No pictures belong in the copy. Retype exactly, and only, the stretch of lines below from the one with "Vase Entemena Louvre AO2674" through the one with "social-chrissihernandez-joshuaTree-highdesert-destinations.jpg".

Source material:
● ● ●

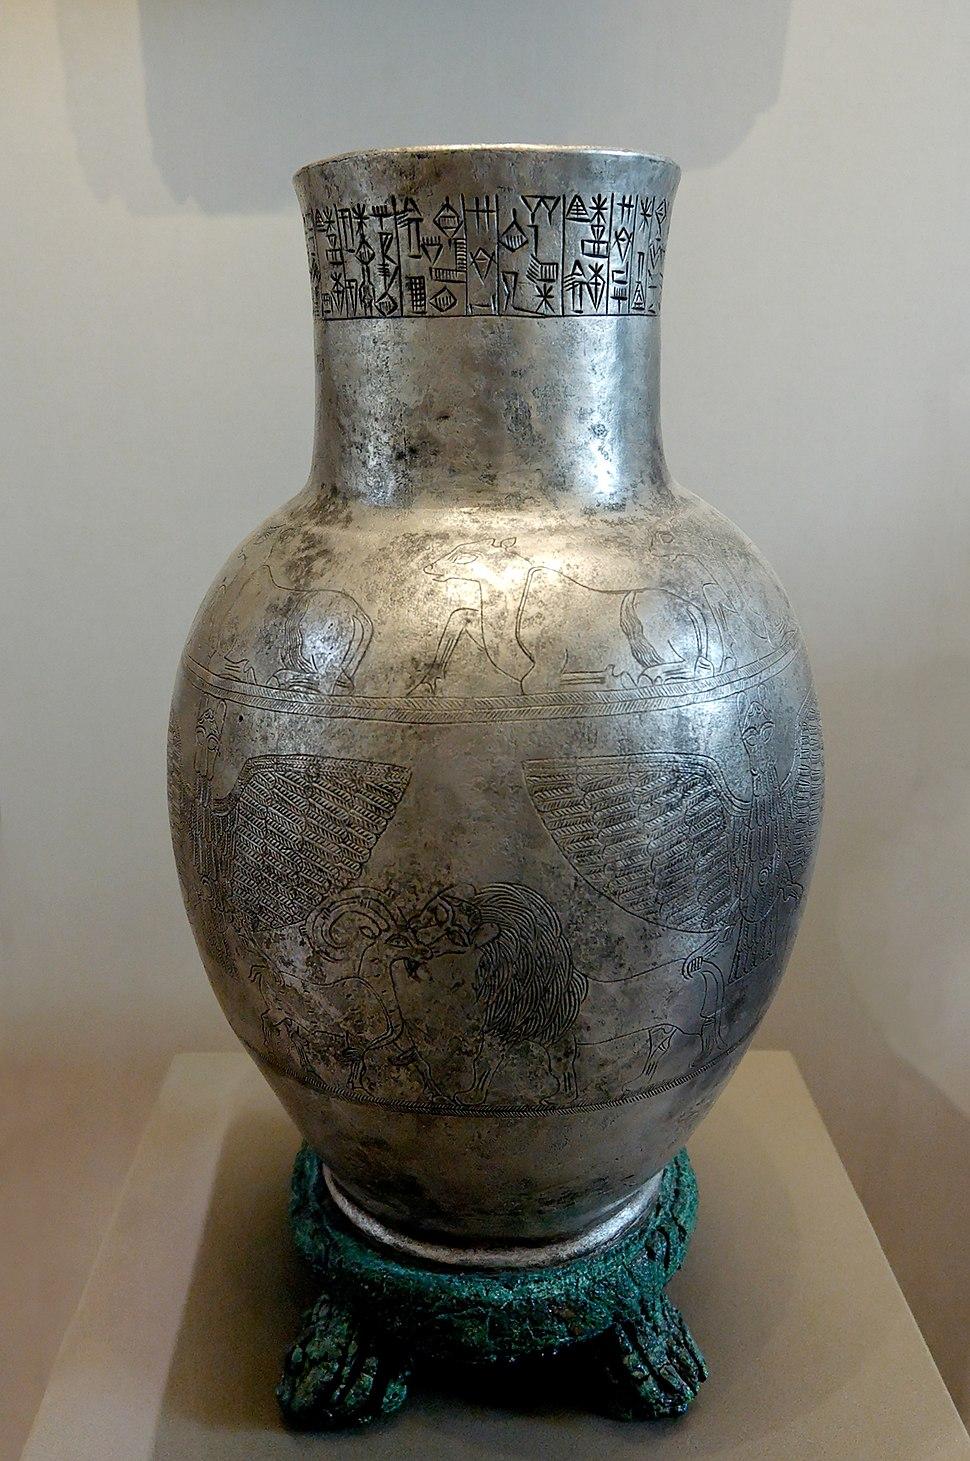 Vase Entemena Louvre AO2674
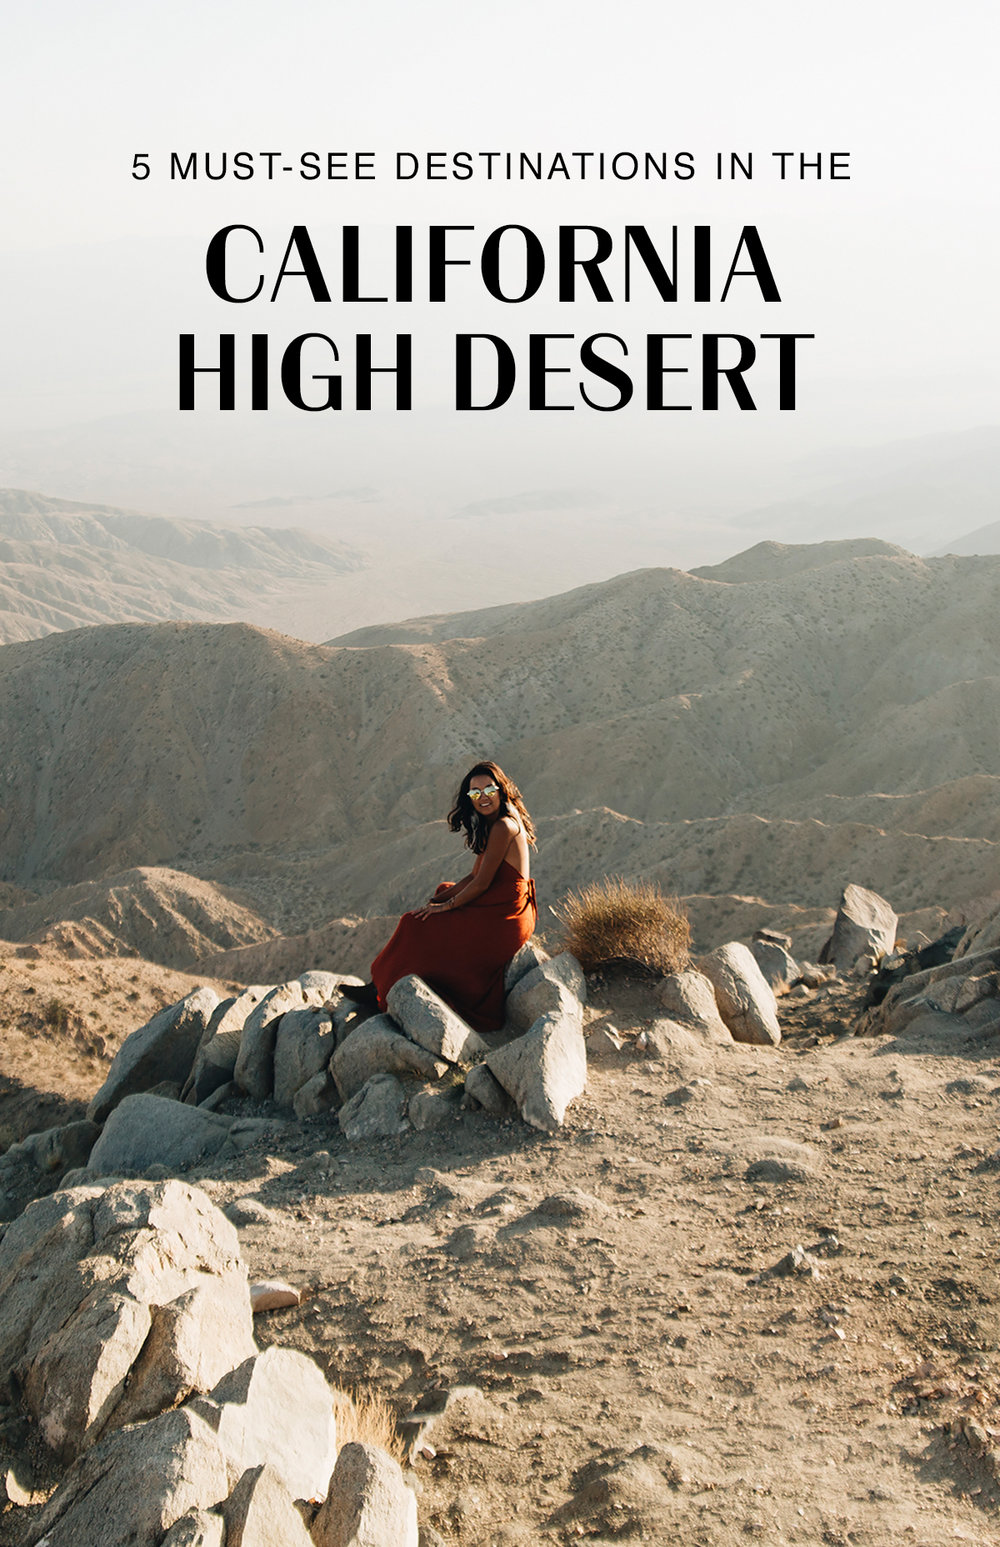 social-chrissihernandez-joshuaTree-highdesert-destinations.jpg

● ● ●

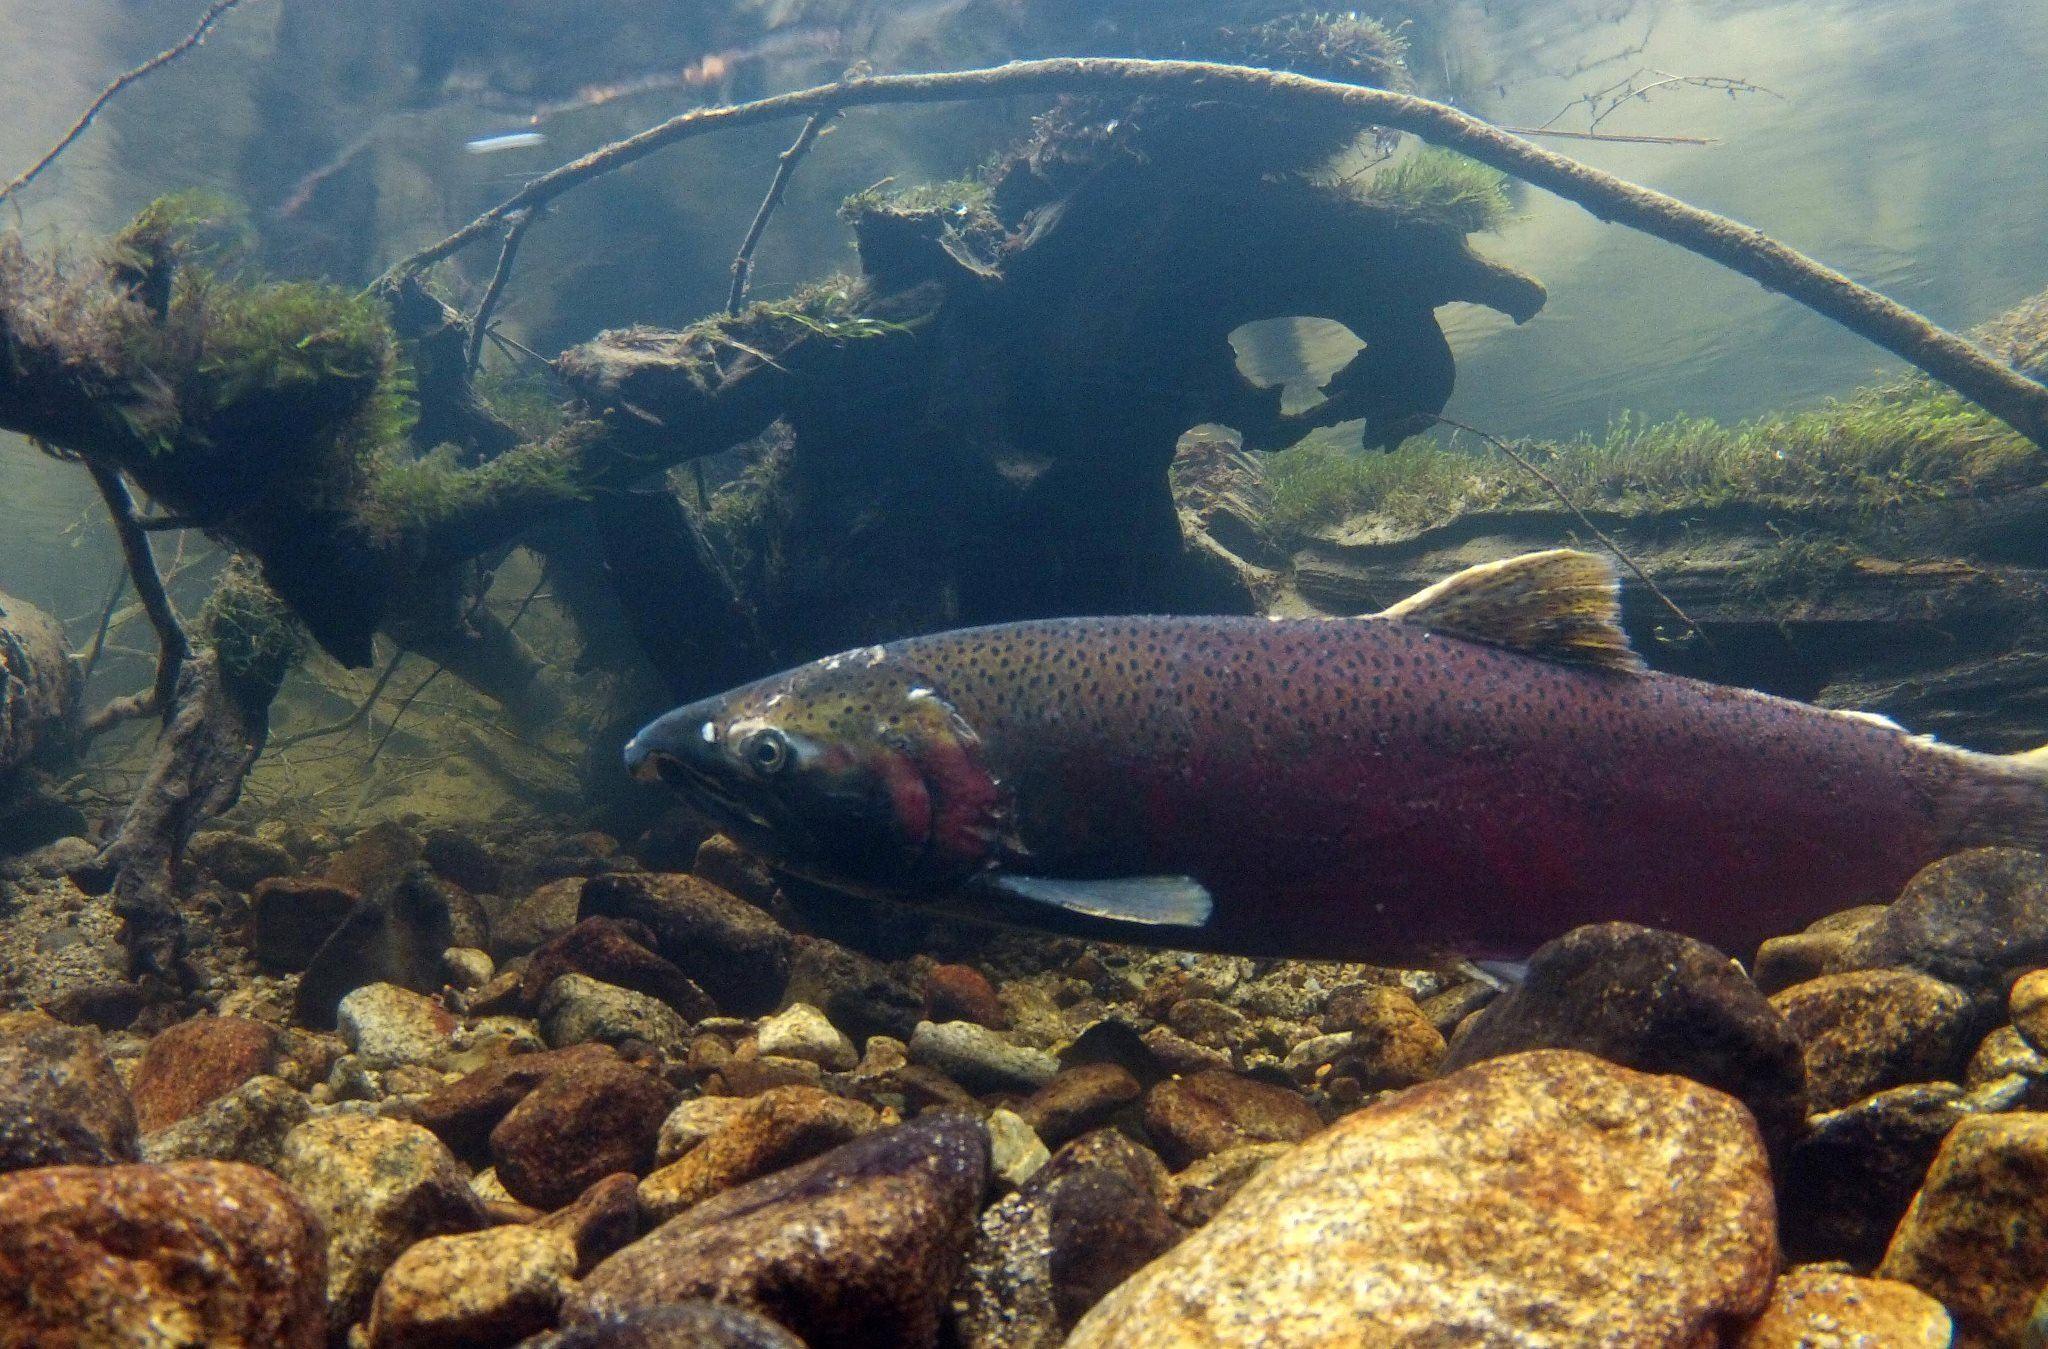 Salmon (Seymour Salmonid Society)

● ● ●

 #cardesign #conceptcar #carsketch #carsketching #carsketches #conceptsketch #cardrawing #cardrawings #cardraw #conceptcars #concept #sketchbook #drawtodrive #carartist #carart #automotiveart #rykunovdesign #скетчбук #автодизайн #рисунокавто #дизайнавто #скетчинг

● ● ●

Response box:
 Vase Entemena Louvre AO2674
 social-chrissihernandez-joshuaTree-highdesert-destinations.jpg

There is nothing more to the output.